Kagaju, from Rwanda, now sits quietly in her office in Kigali, ready to attend the online course.
“The webinar has helped me understand the situations that put children at risk of statelessness,” she says, adding that she is now more aware of the different international and regional instruments and conventions that are relevant in addressing child statelessness.
“Childhood statelessness is an extremely important human rights issue that cannot be delayed.”
She is among 33 people selected for the three-month pilot e-learning course on statelessness. Participants were drawn from NGOs, national human rights institutions and civil society organizations working on human rights and child protection. The learning consists of self-study materials including recorded videos, keynote speaker interventions, thematic webinars, reading material and tutored assignments for each of the five thematic modules.
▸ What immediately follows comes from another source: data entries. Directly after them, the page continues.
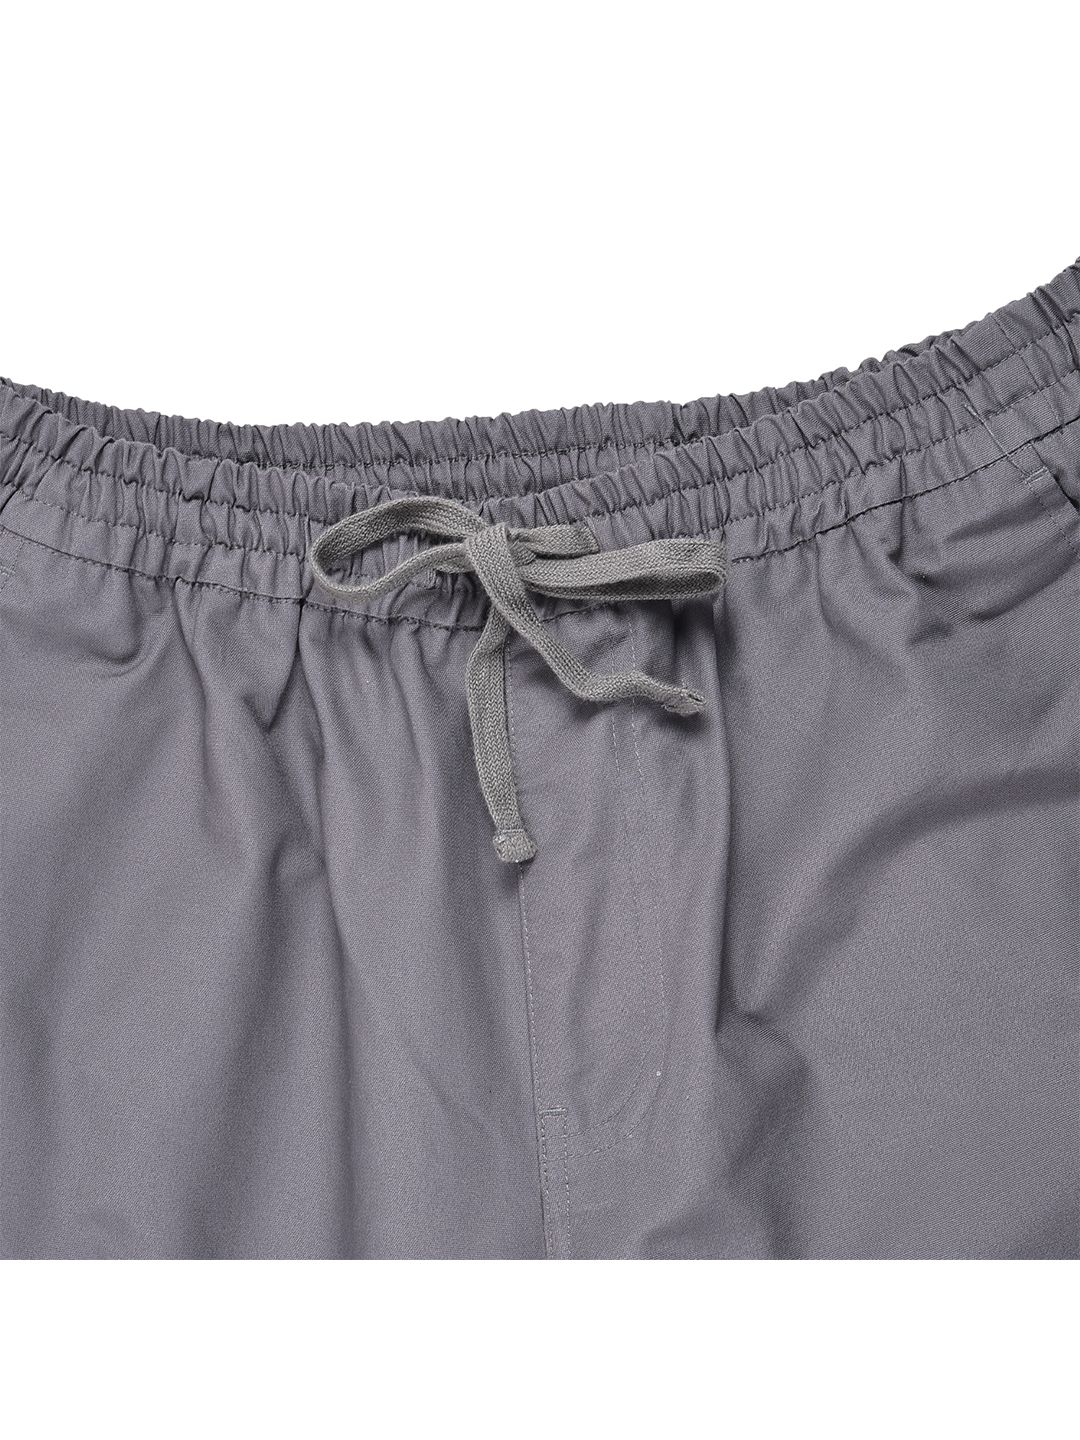 Grey jogger pants
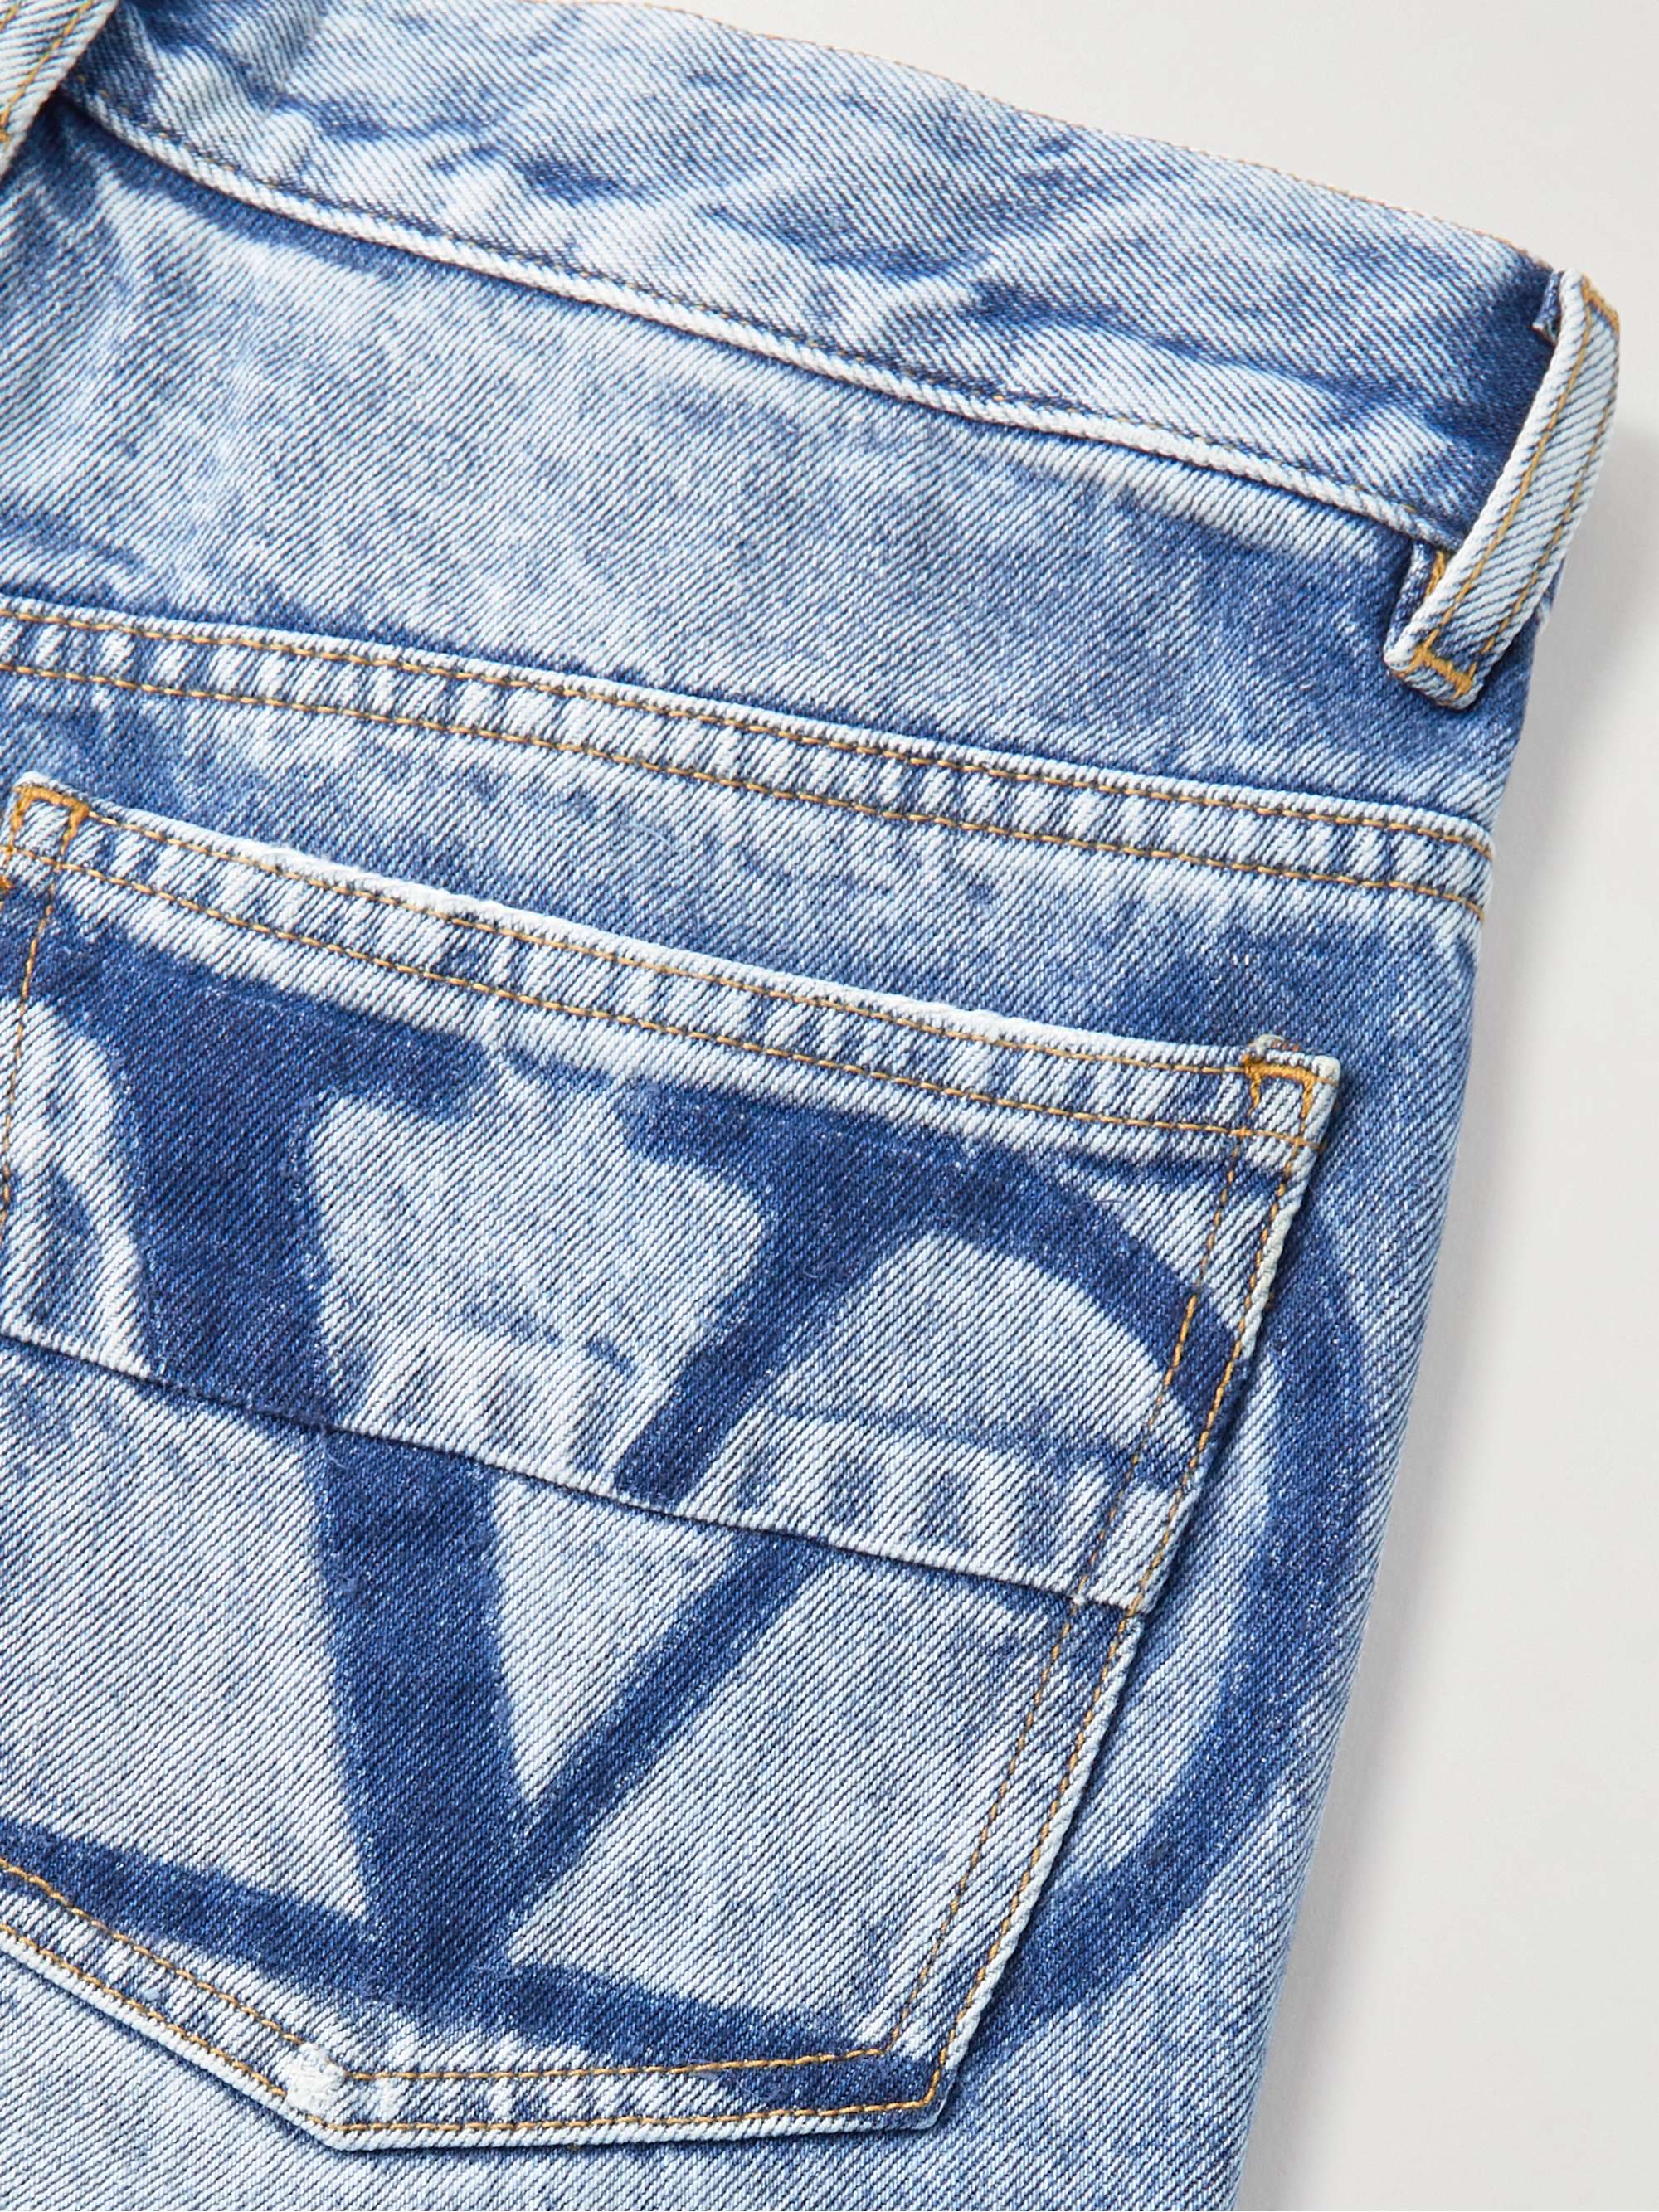 VALENTINO Straight-Leg Logo-Detailed Distressed Denim Jeans
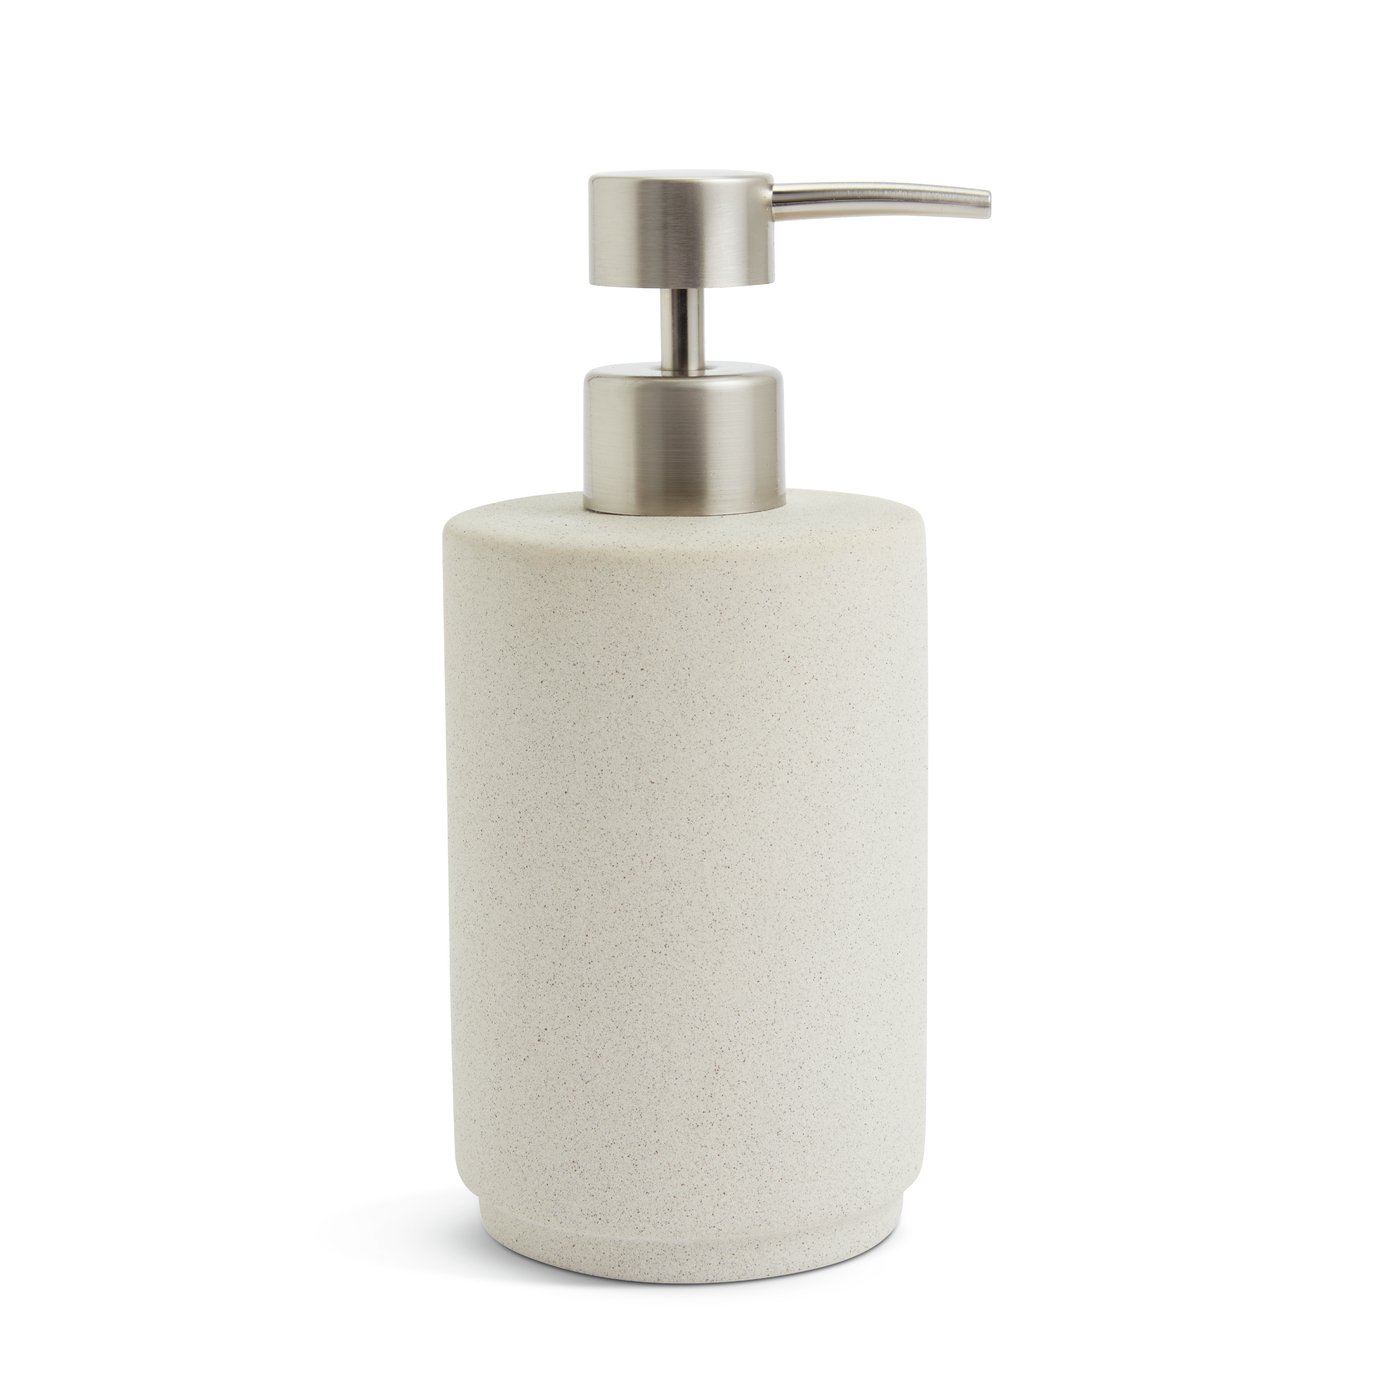 Habitat Sandstone Effect Ceramic Soap Dispenser - Natural

Kagaju, a Protection and Monitoring Officer for Rwanda’s National Commission for Human Rights is passionate about children rights and this training could not have been timelier.
“Children, especially unaccompanied and separated children, are most at risk of statelessness,” she says, noting that governments have the power to end statelessness, if each state ratifies respective conventions and incorporates the norms into the relevant domestic laws
“We can eradicate statelessness among children because there is a legal framework that protects them,” she adds.
She hopes to use her newly acquired knowledge to empower a team of volunteers that work on child rights to enable them to identify children that are not registered and educate parents on the importance of birth certificates.
“I am now a resource person on statelessness. If I don’t speak about it, no one will know about it.”
“Advocacy is essential as children need to be included in our interventions to ensure no one remains stateless.”